What is meant by the ethics of digital intelligence?
In a nutshell, it’s ethics applied to artificial intelligence systems and, more broadly, digital systems. It’s about questioning whether these systems and their uses are good or bad, just or unjust, virtuous or vicious, and so on. It’s making a moral assessment of a robot or an application: for example, if system X is rolled out, will it generate or reproduce discrimination? Will it improve people’s lives, or be detrimental to them?
And what is the ethics of algorithms?
This is a subset of the ethics of digital intelligence (which is itself a subset of the ethics of technology) that looks at programming from a moral perspective. How do we program a “good” robot? Asking ourselves what a self-driving car should do in the case of an unavoidable accident, or how to configure a social distancing app, comes under the ethics of algorithms, while pondering whether we should even use those vehicles, or anti-pandemic apps, is the purview of the ethics of AI.

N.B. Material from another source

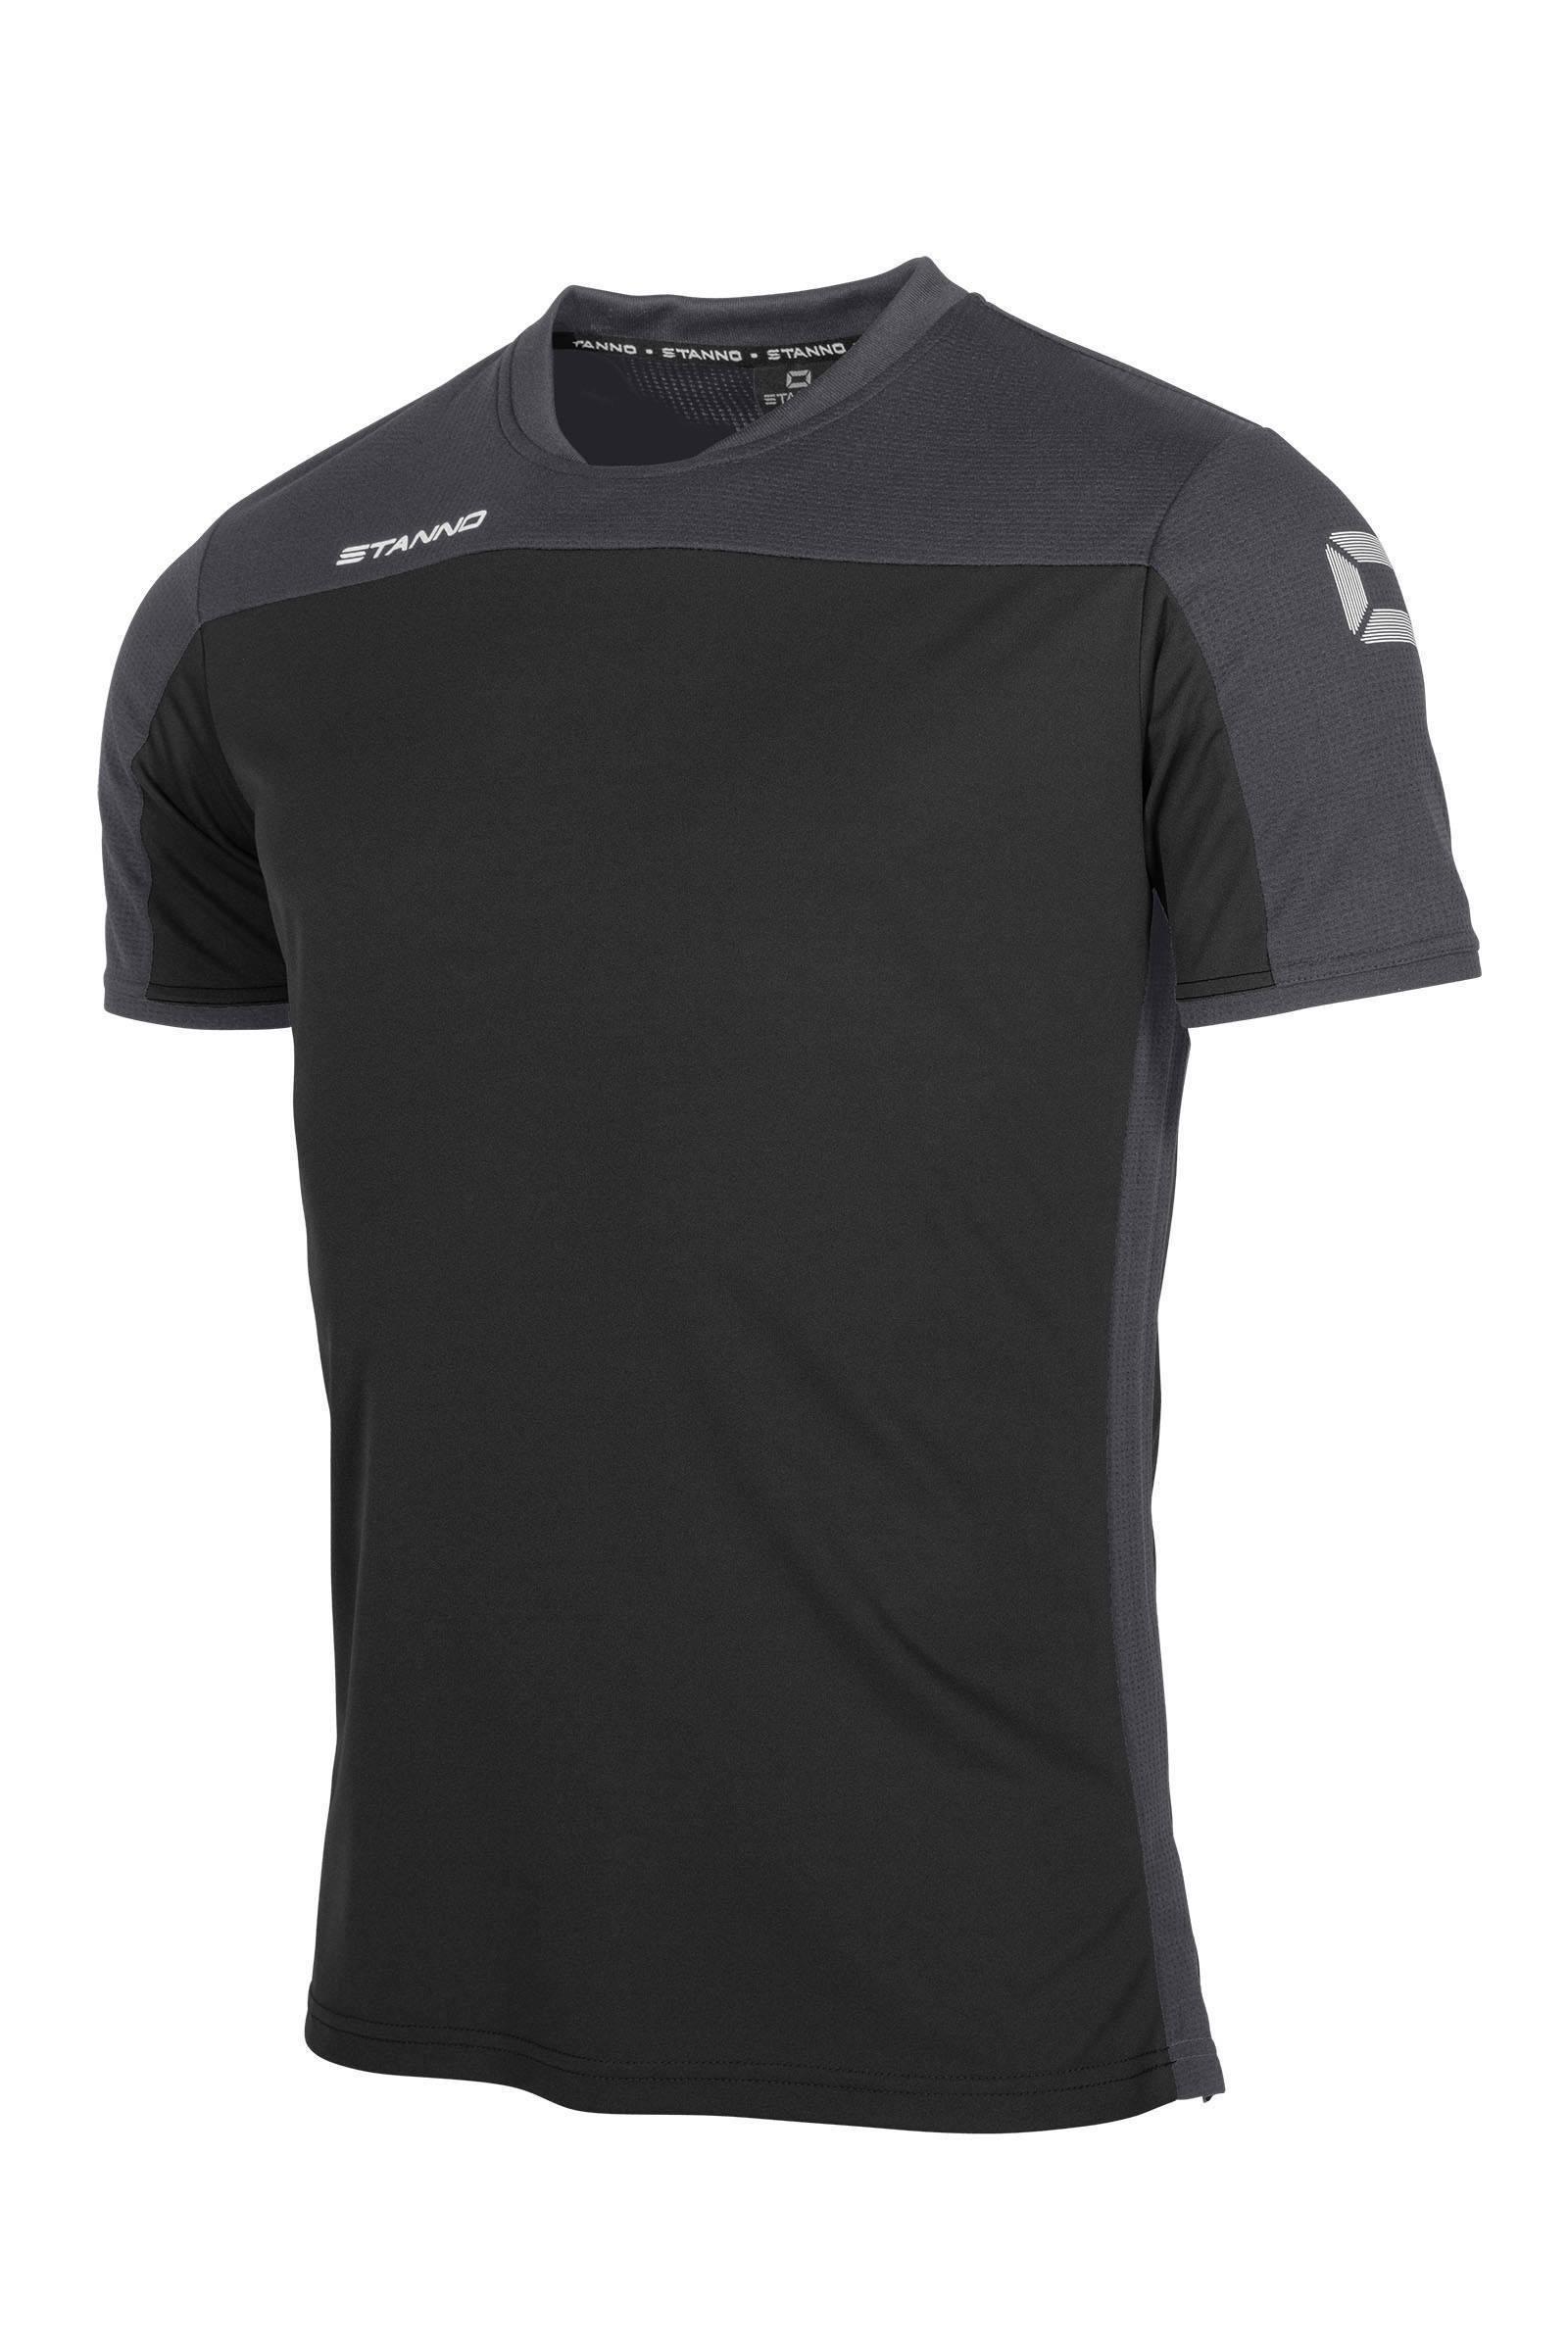 Stanno voetbalshirt zwart/antraciet - maat 140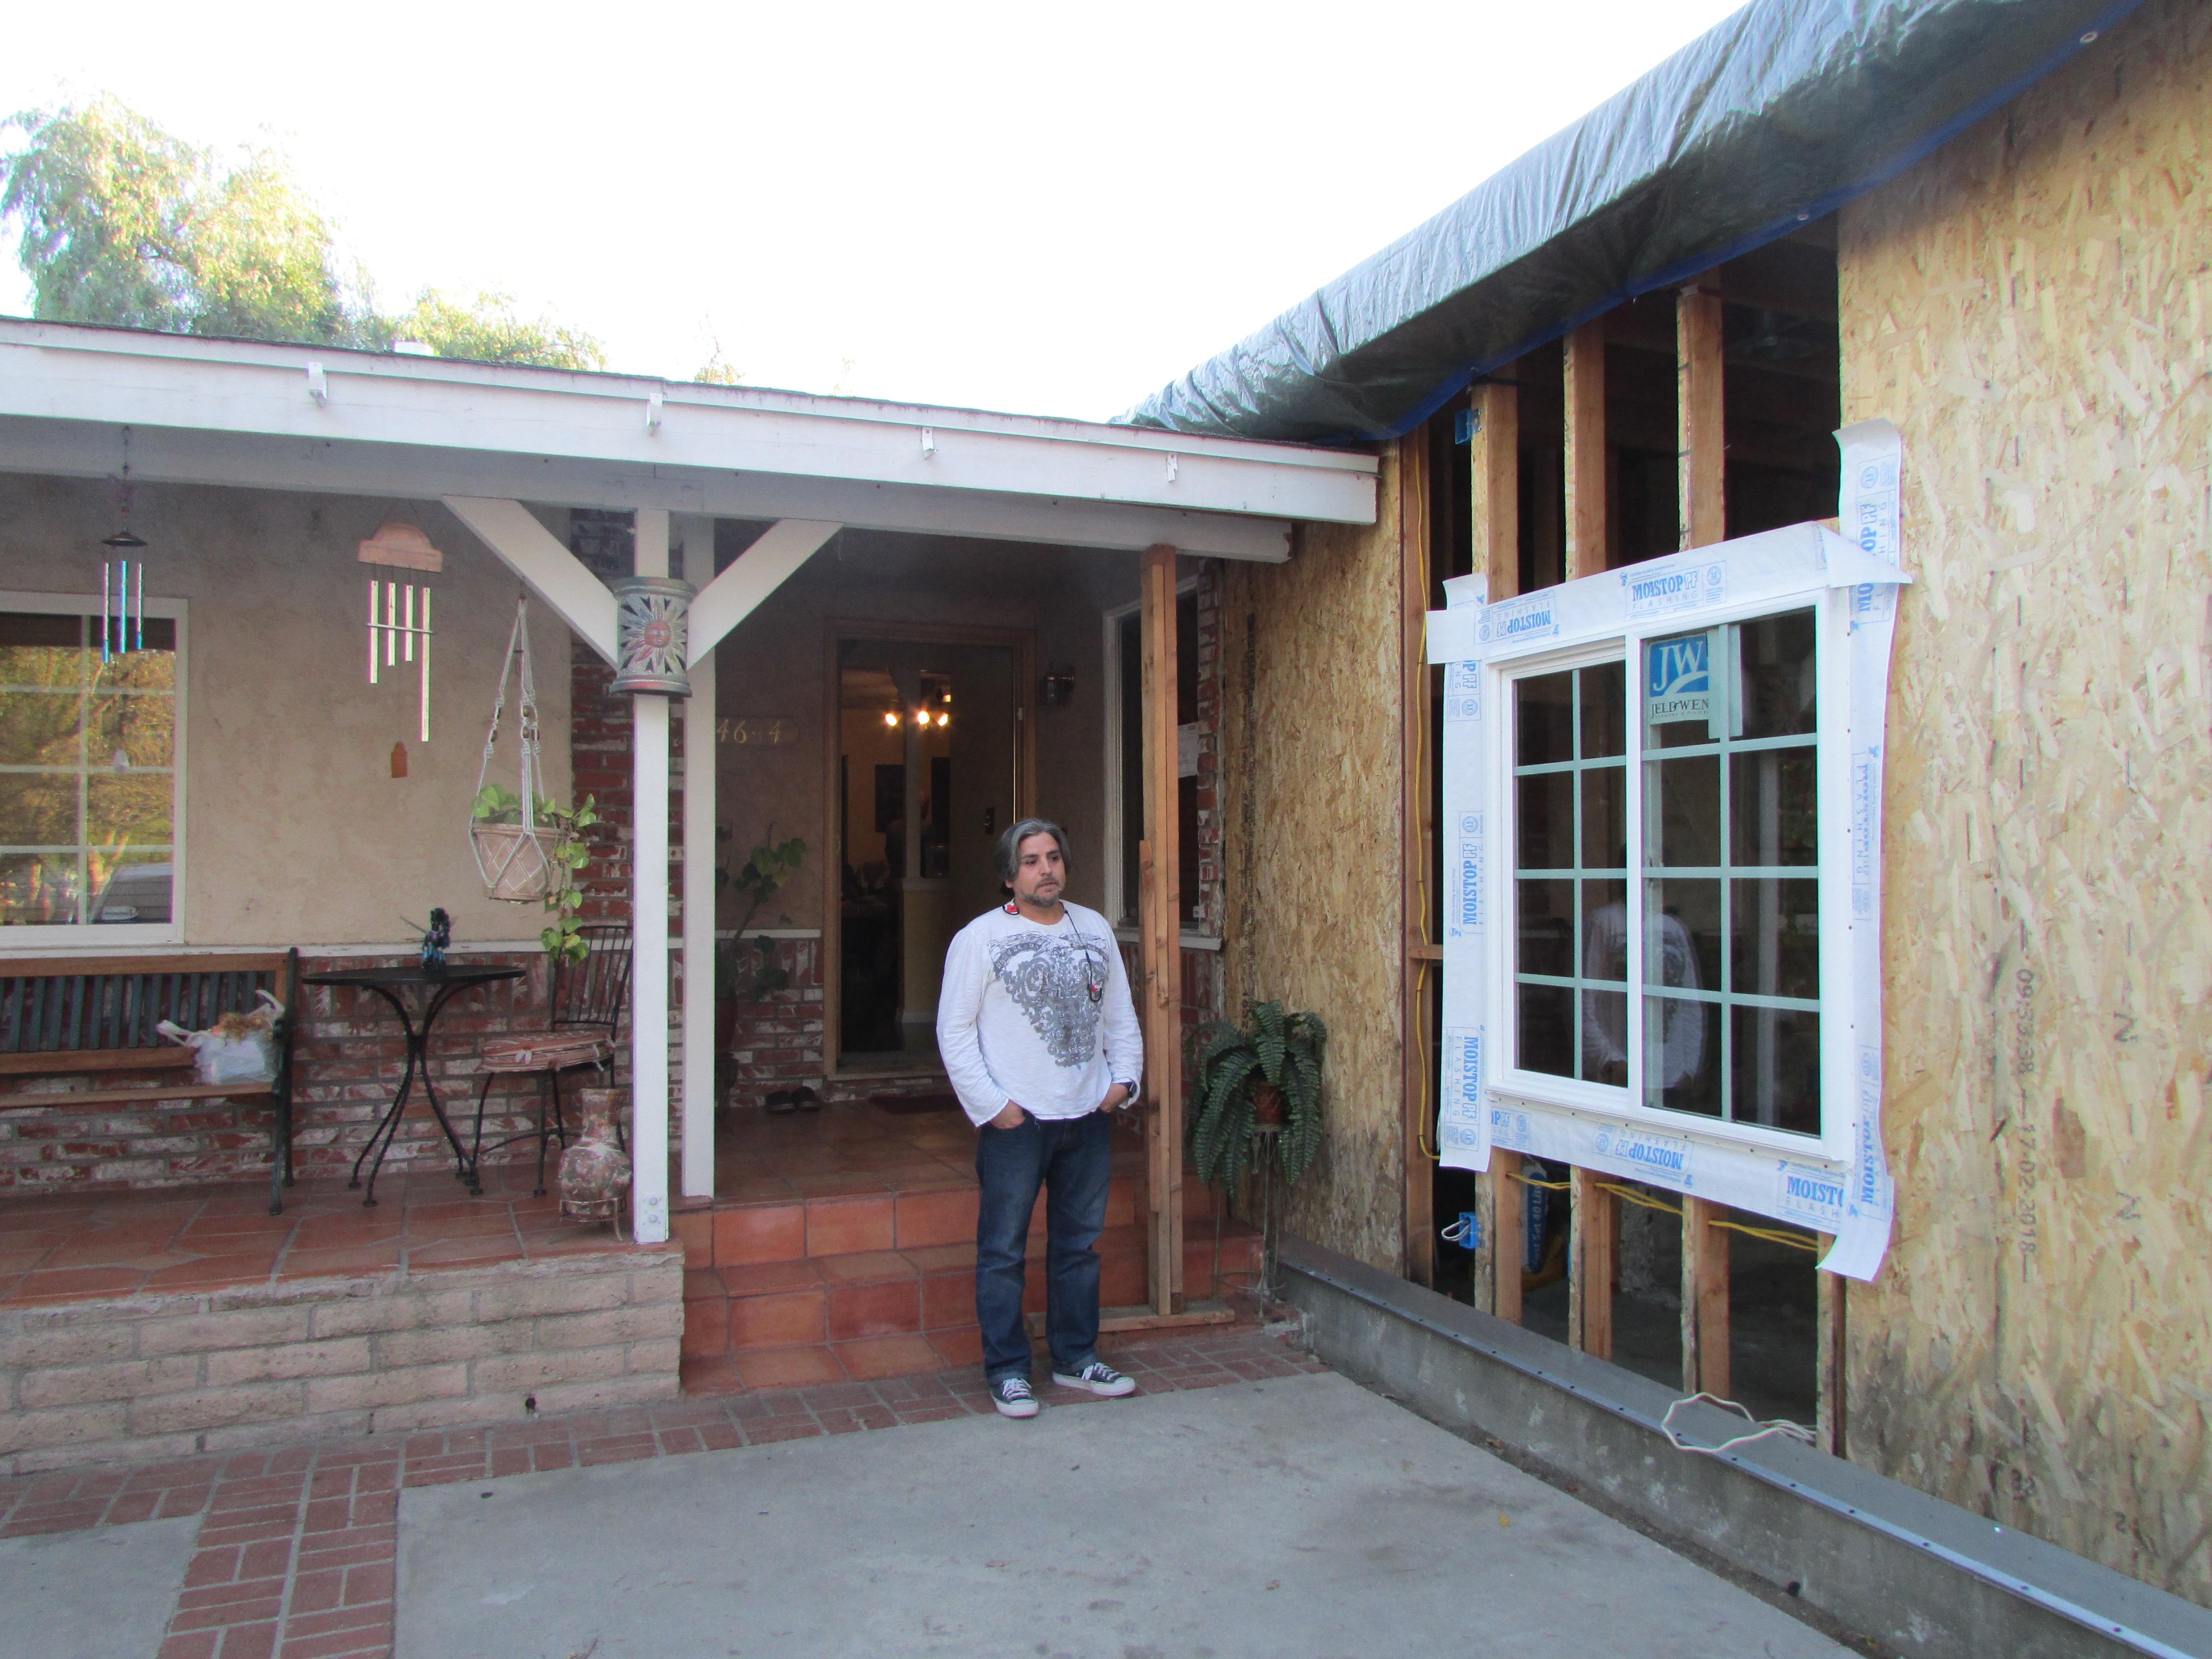 La conversión del garaje de su casa en departamento quedó paralizada desde octubre cuando la compañía constructora desapareció y se declaró en bancarrota. (Araceli Martínez/La Opinión).

How do we decide on the best course of action in controversial cases?
By seeking consensus. Ethics researchers are experts in reasoning, and certain principles are indispensable. Obviously, though, there are more sensitive situations where principles may come into conflict: moral reality is complex and not every dilemma has a solution that everyone will agree on. Concretely, if it’s a matter of arbitration—for example, whether a self-driving car must absolutely “choose” the life of one person over another—you can either establish a hierarchy of principles or choose at random.
But shouldn’t we simply make sure self-driving cars don’t end up in such situations?
Ideally, yes: a self-driving automobile should never have to “make a choice” between two victims. We can trust that they will be safer, that more accidents will be prevented. But we can’t rule out the possibility of them happening. In that case, even if we wouldn’t be entirely satisfied with the car’s “moral behaviour,” we can still imagine that it “wouldn’t be as bad” as with a human driver who, in any case, has no time to think in an accident situation.
Does that mean self-driving cars are ethical?
Far from it! But asking the question this way doesn’t make much sense. Sadly, we can’t just slap a label that says “ethical” on this or that AI system—and this is different from law, where it’s easier to determine whether something is legal or illegal. There are in fact many ethical arguments against self-driving cars: from an environmental standpoint, for example, it doesn’t seem wise to develop individual modes of transport. In short, the notion of an “ethical self-driving car” is inseparable from the context in which we find ourselves.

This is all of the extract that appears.